* Problem to work on
Wherever a picture appears in the listing below, leave it out and reproduce the rest exactly.

(Data)

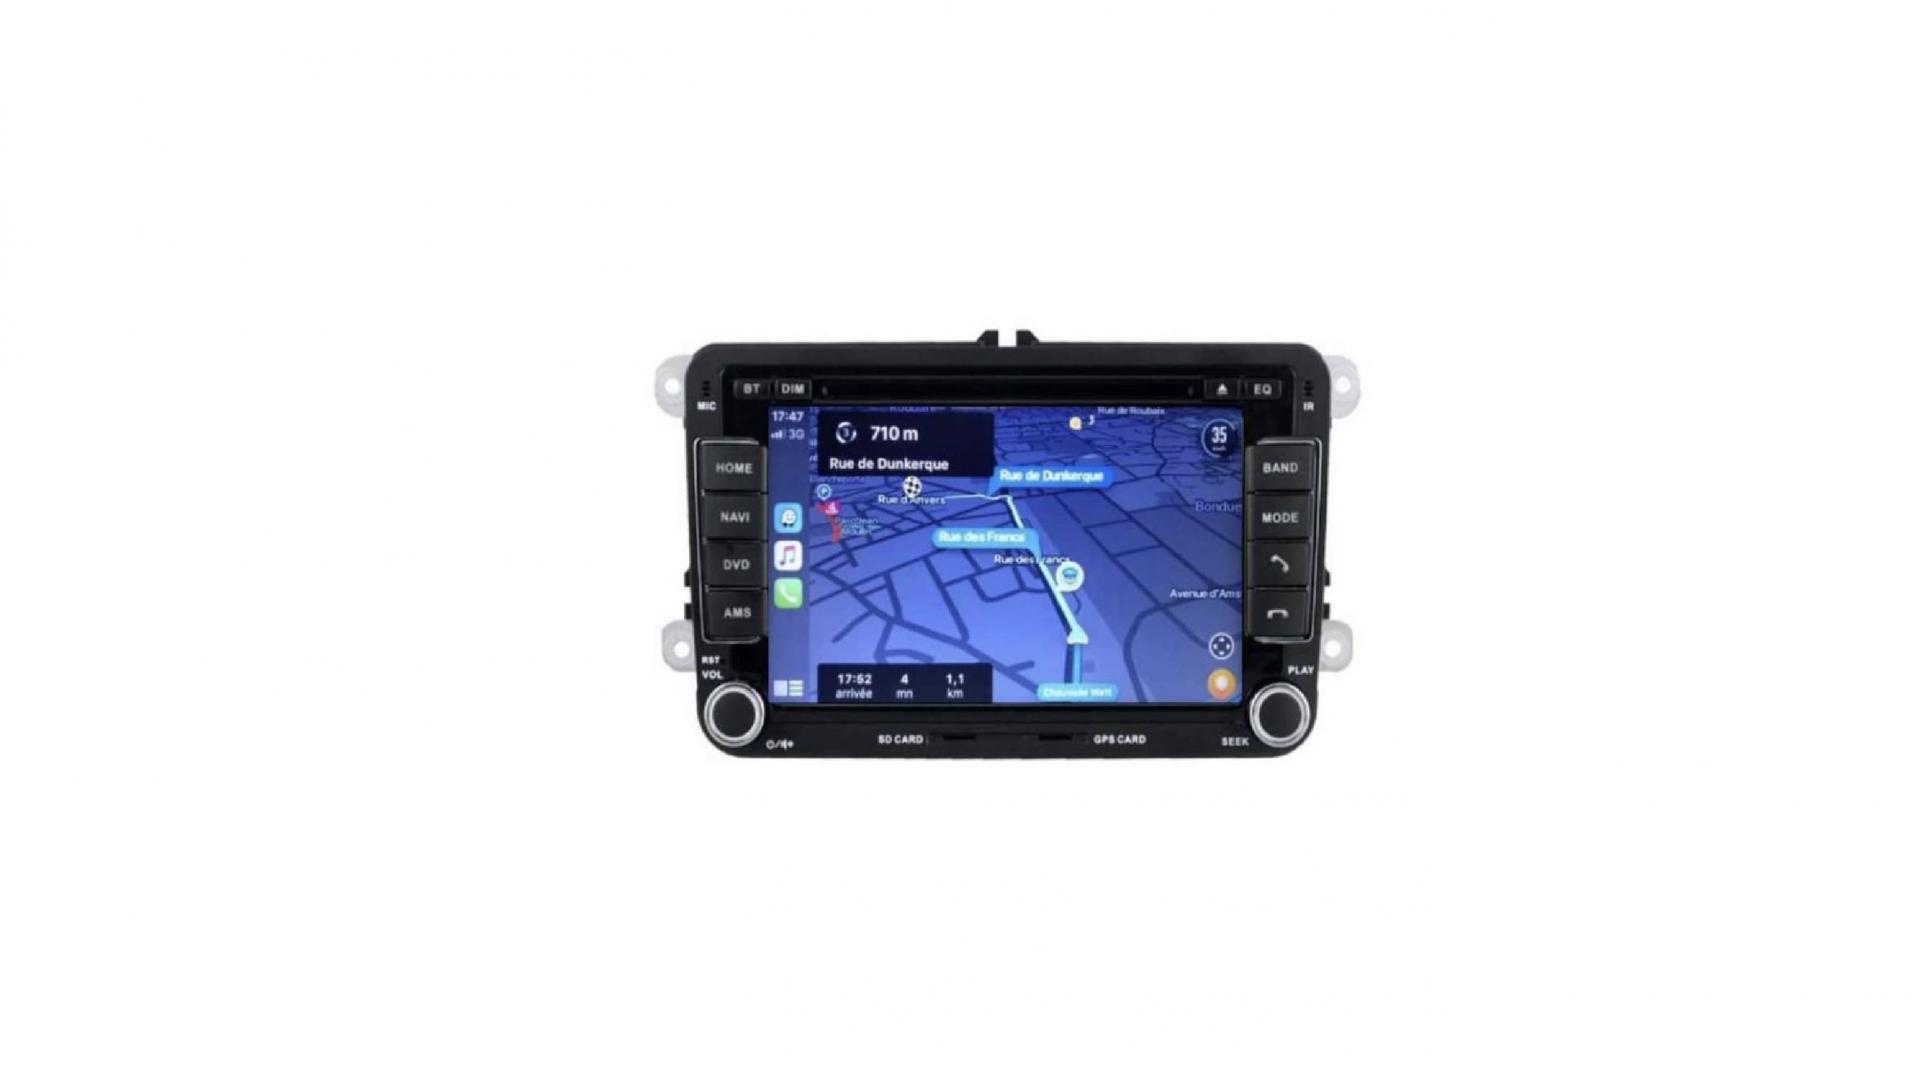 Seat altea toledo alhambra altea xl autoradio gps bluetooth android auto carplay camera de recul commande au volant4 1
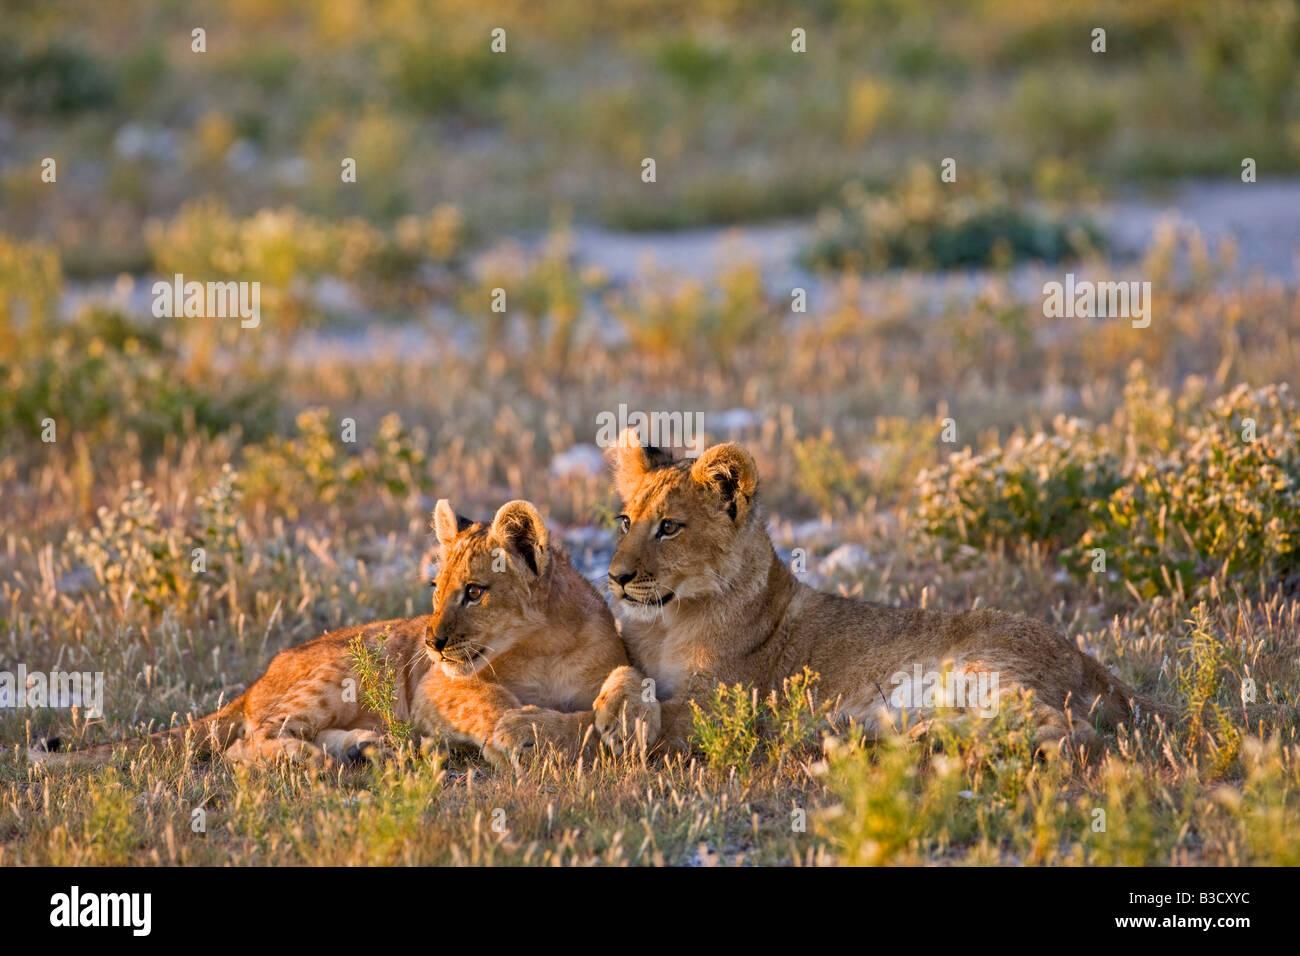 Africa, Botswana, Lion cubs (Panthera leo) - Stock Image
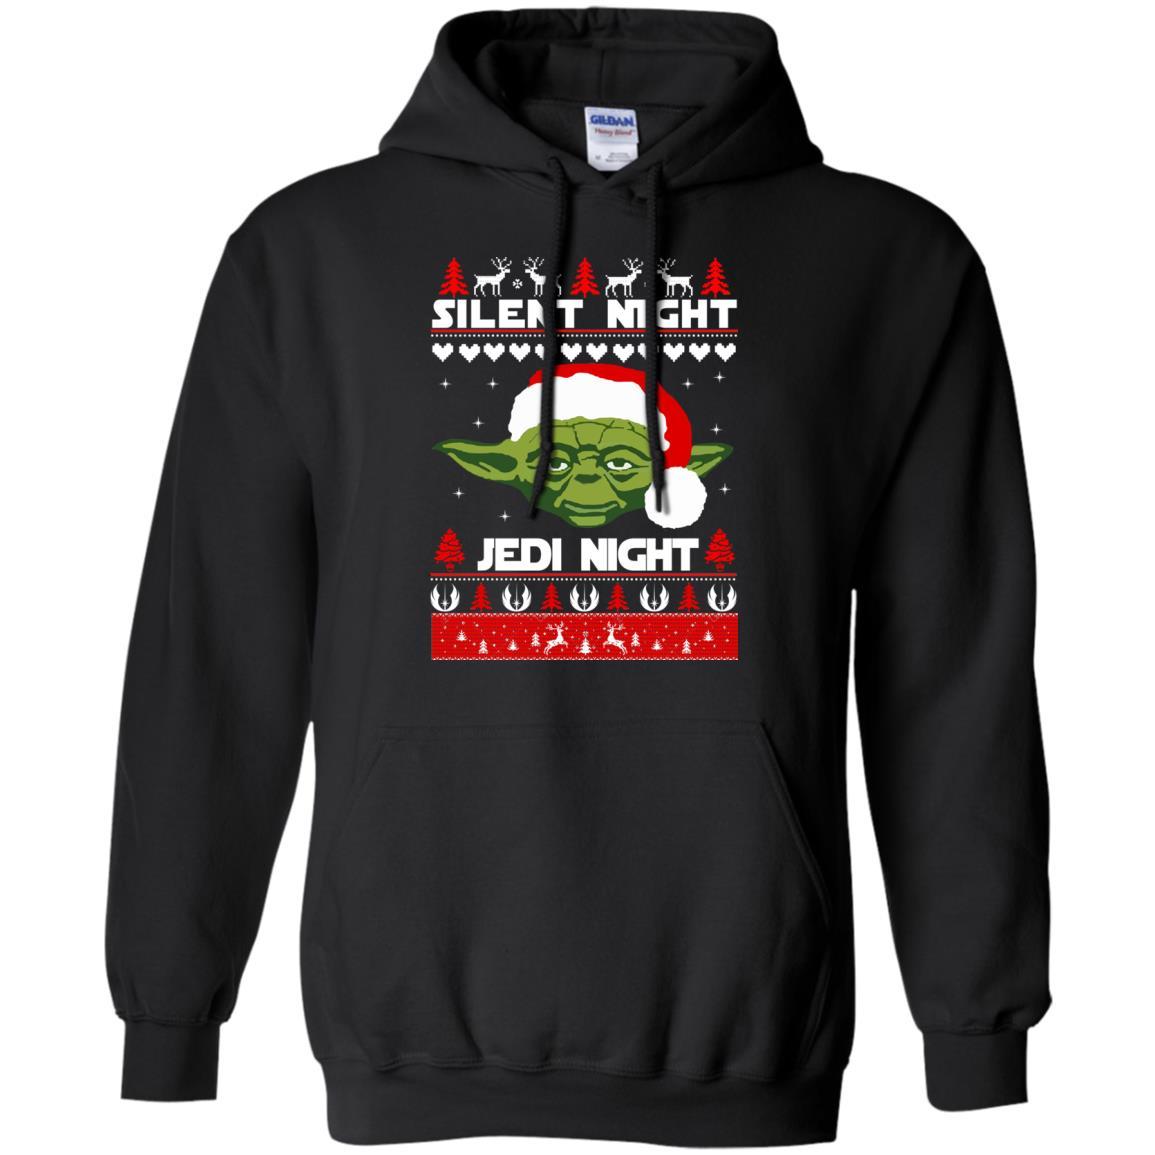 image 1714 - Yoda Star Wars: Silent Night Jedi Night Christmas Sweater, Hoodie

(End Data)

* Task output
 Seat altea toledo alhambra altea xl autoradio gps bluetooth android auto carplay camera de recul commande au volant4 1
 Africa, Botswana, Lion cubs (Panthera leo) - Stock Image
 image 1714 - Yoda Star Wars: Silent Night Jedi Night Christmas Sweater, Hoodie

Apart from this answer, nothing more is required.